**Available data:**
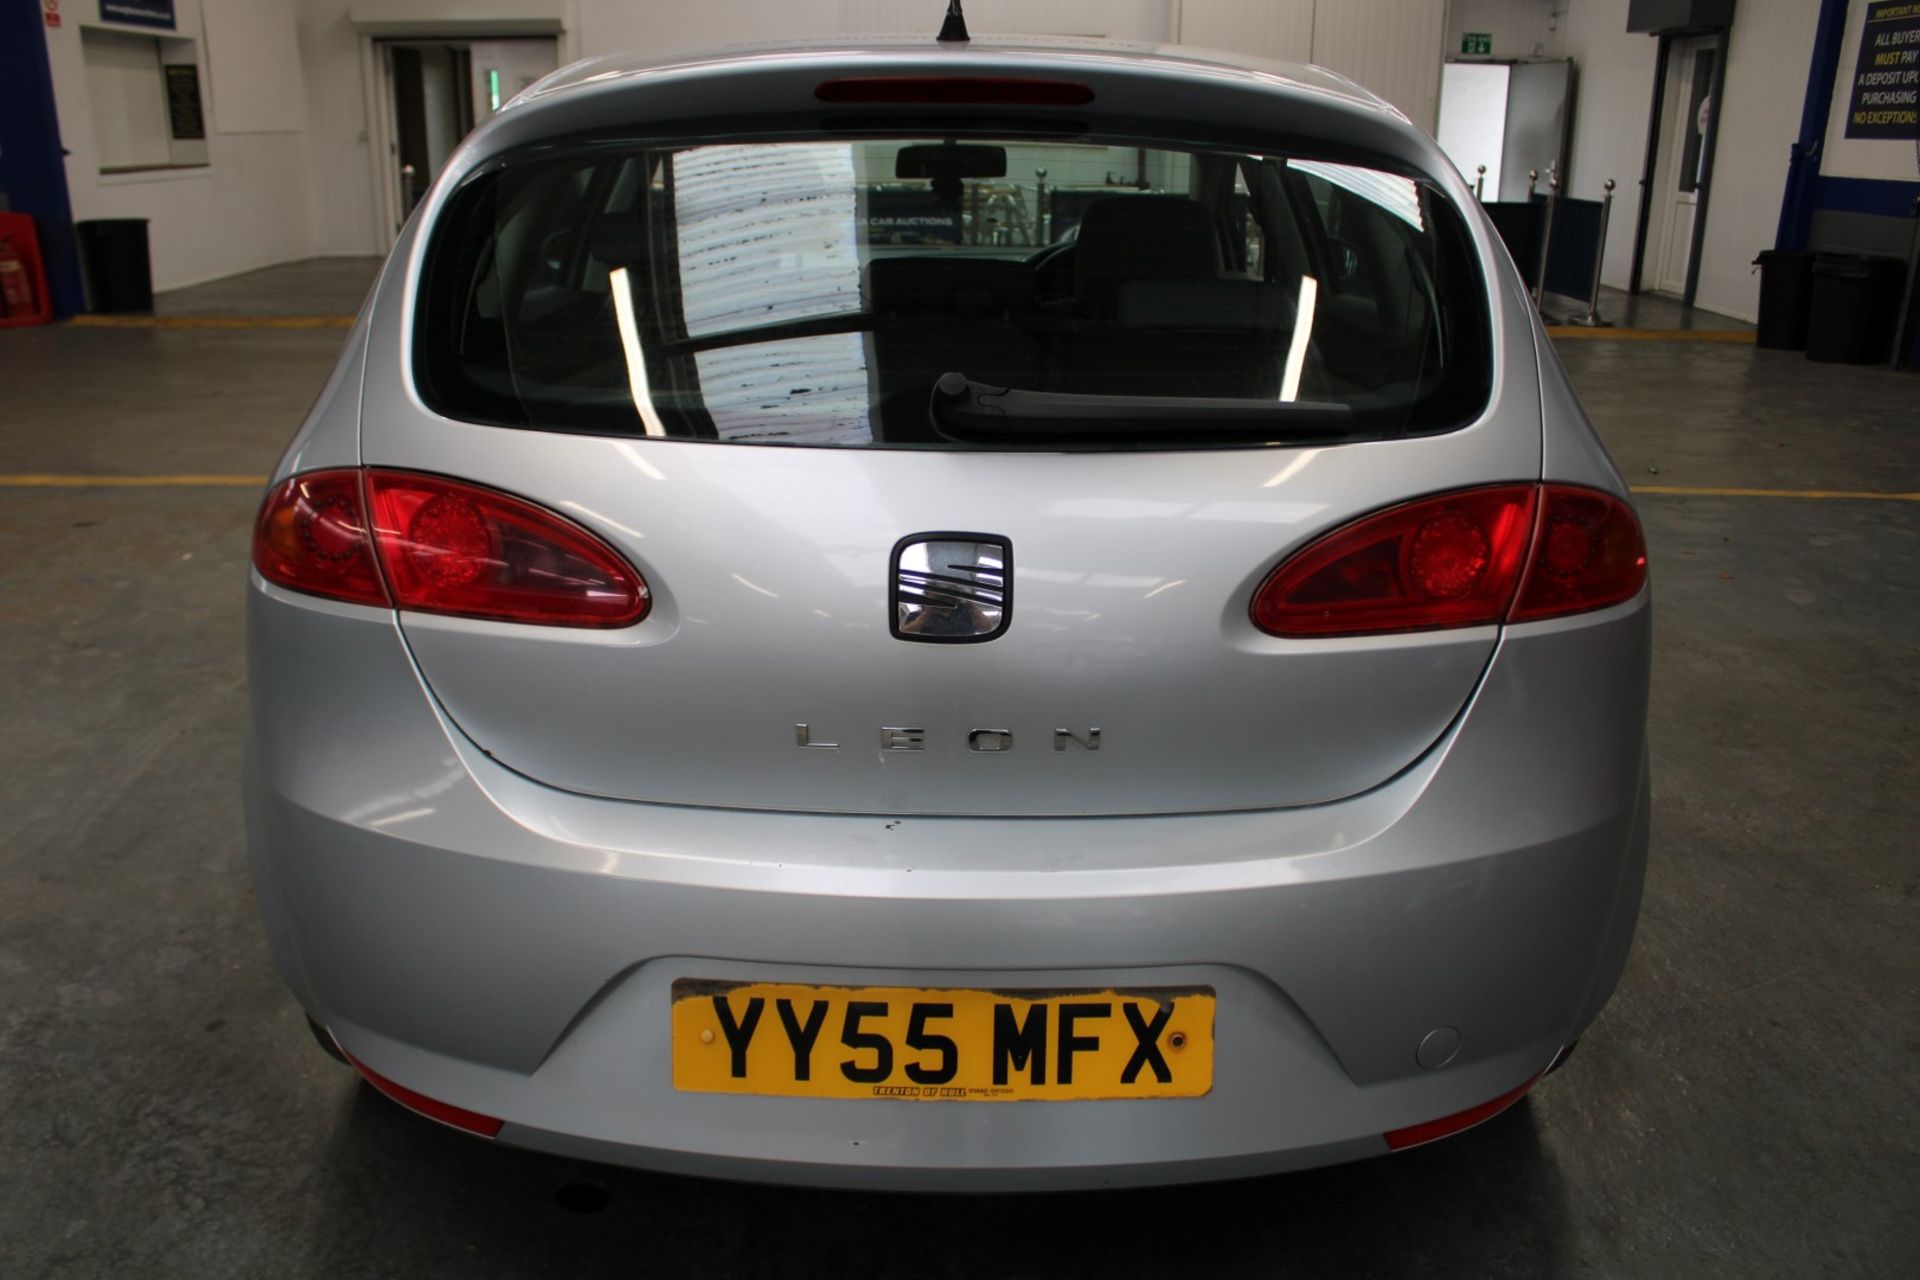 55 05 Seat Leon Reference - Image 28 of 32
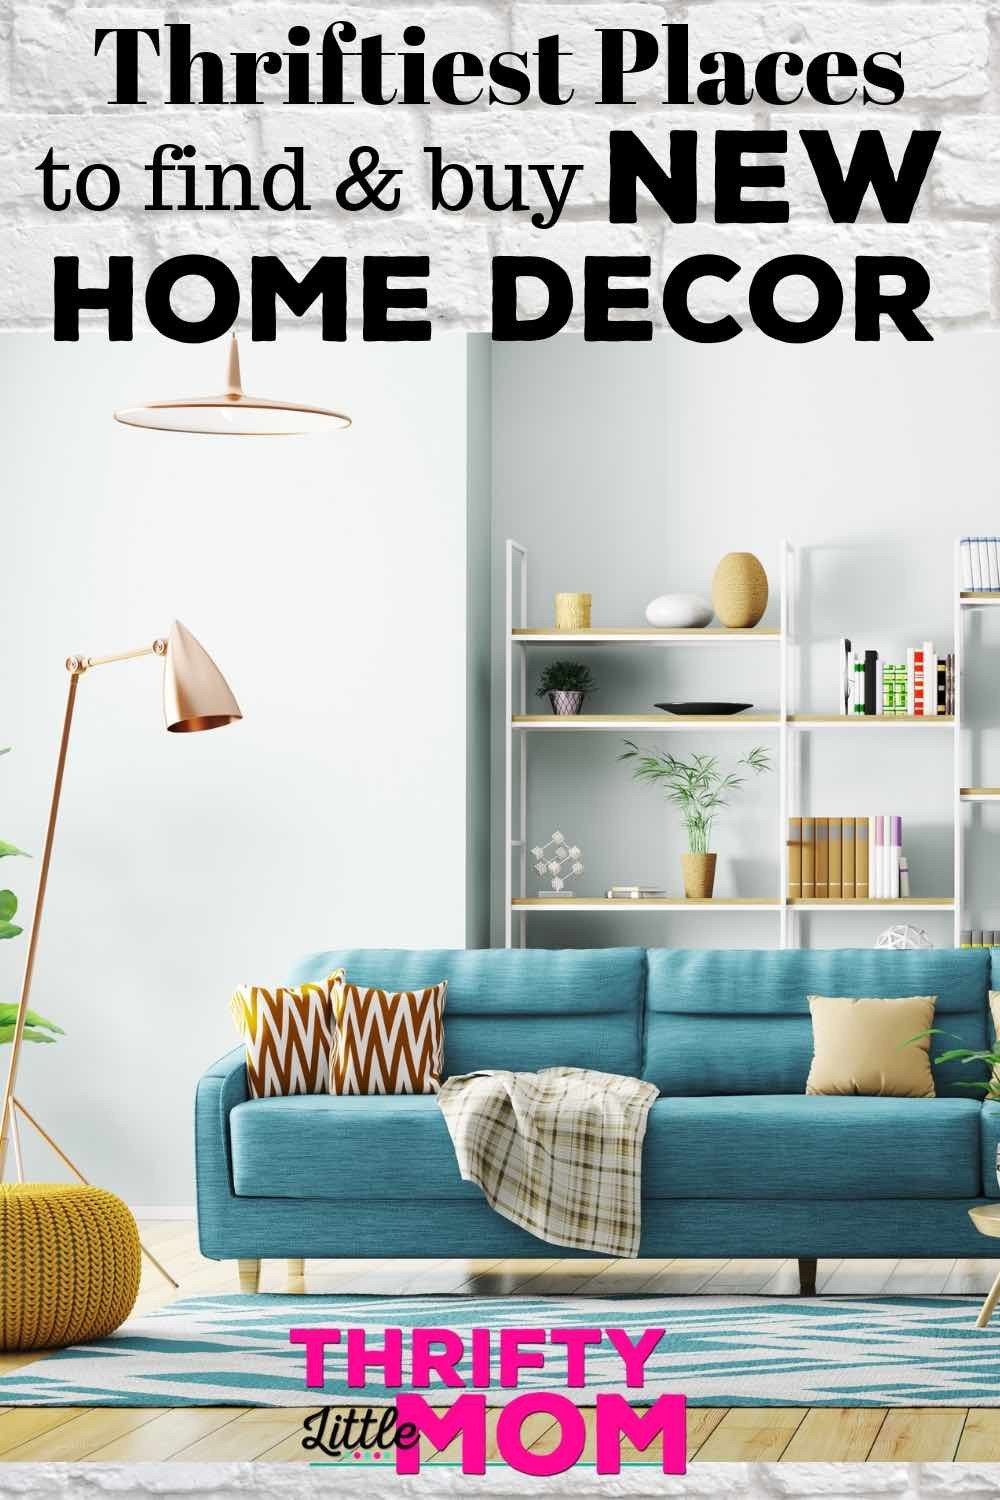 Places to Buy Home Decor Unique Thriftiest Places Near You for Home Decor Furniture &amp; Accessories
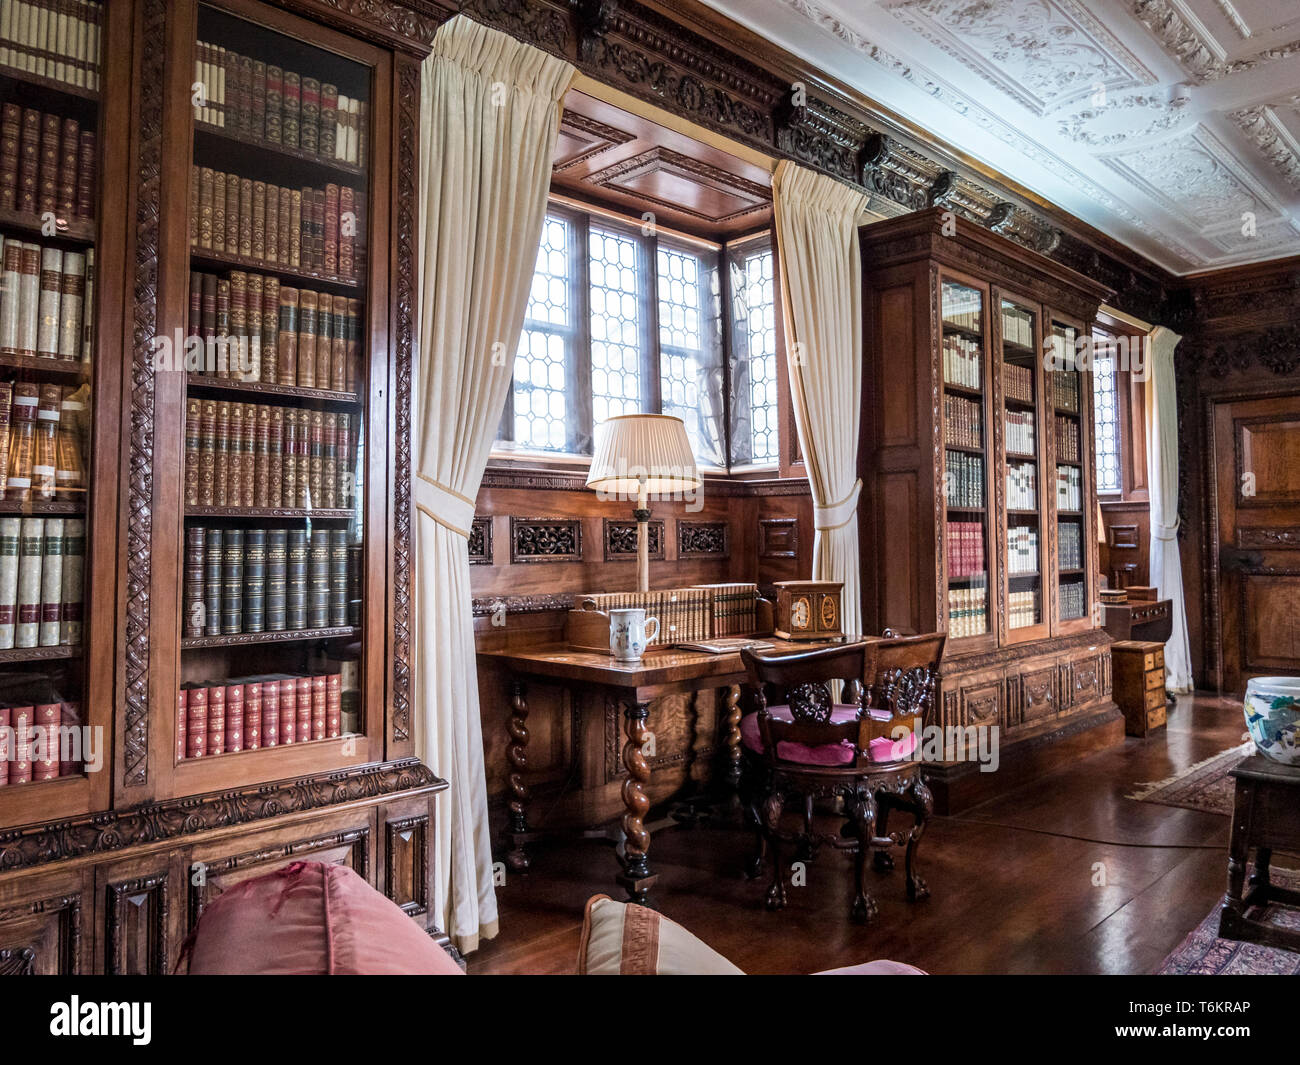 The interior and Library seen here, at Hever Castle in Kent near ...
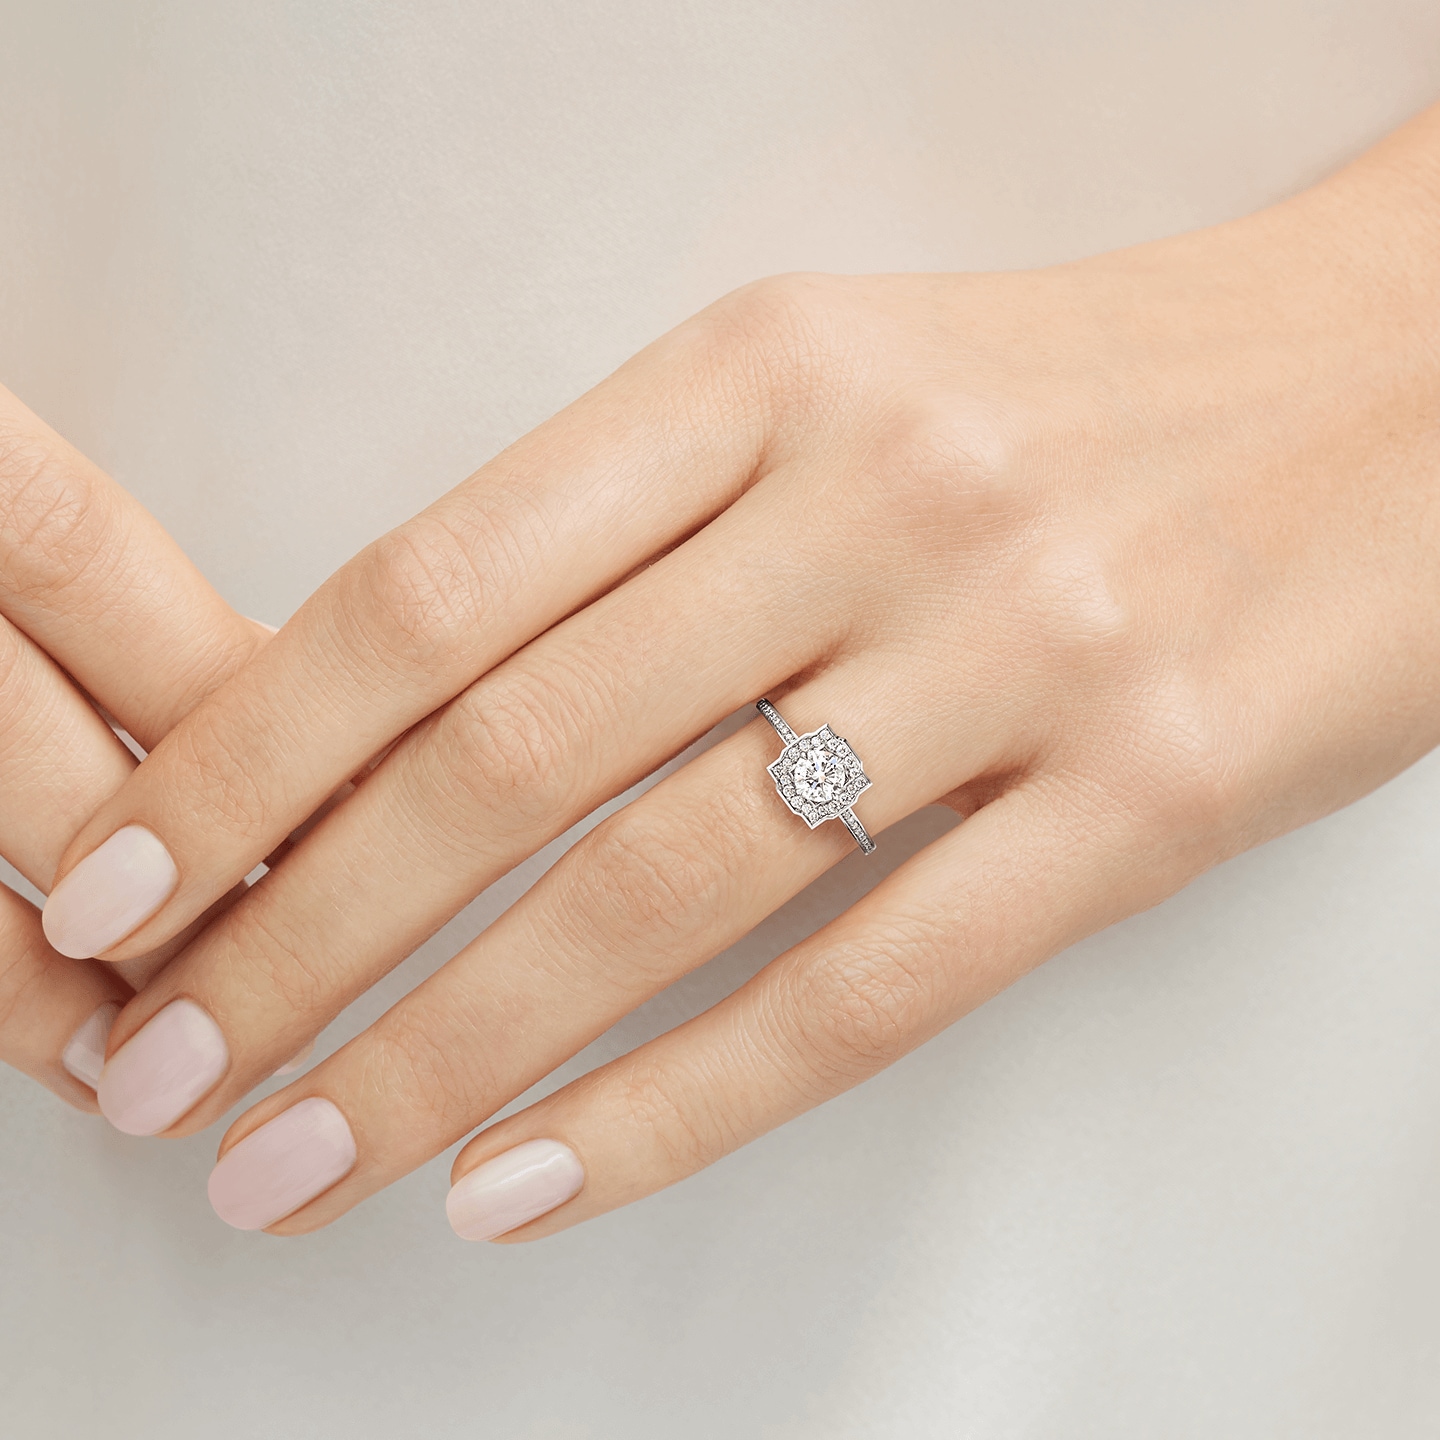 Belle Round Brilliant Diamond Micropavé Engagement Ring featured on a model

**Required action:** Leave every picture out. Retype the remaining data exactly.

**Solution to this exercise:**
 55 05 Seat Leon Reference - Image 28 of 32
 Places to Buy Home Decor Unique Thriftiest Places Near You for Home Decor Furniture &amp; Accessories
 The interior and Library seen here, at Hever Castle in Kent near ...
 Belle Round Brilliant Diamond Micropavé Engagement Ring featured on a model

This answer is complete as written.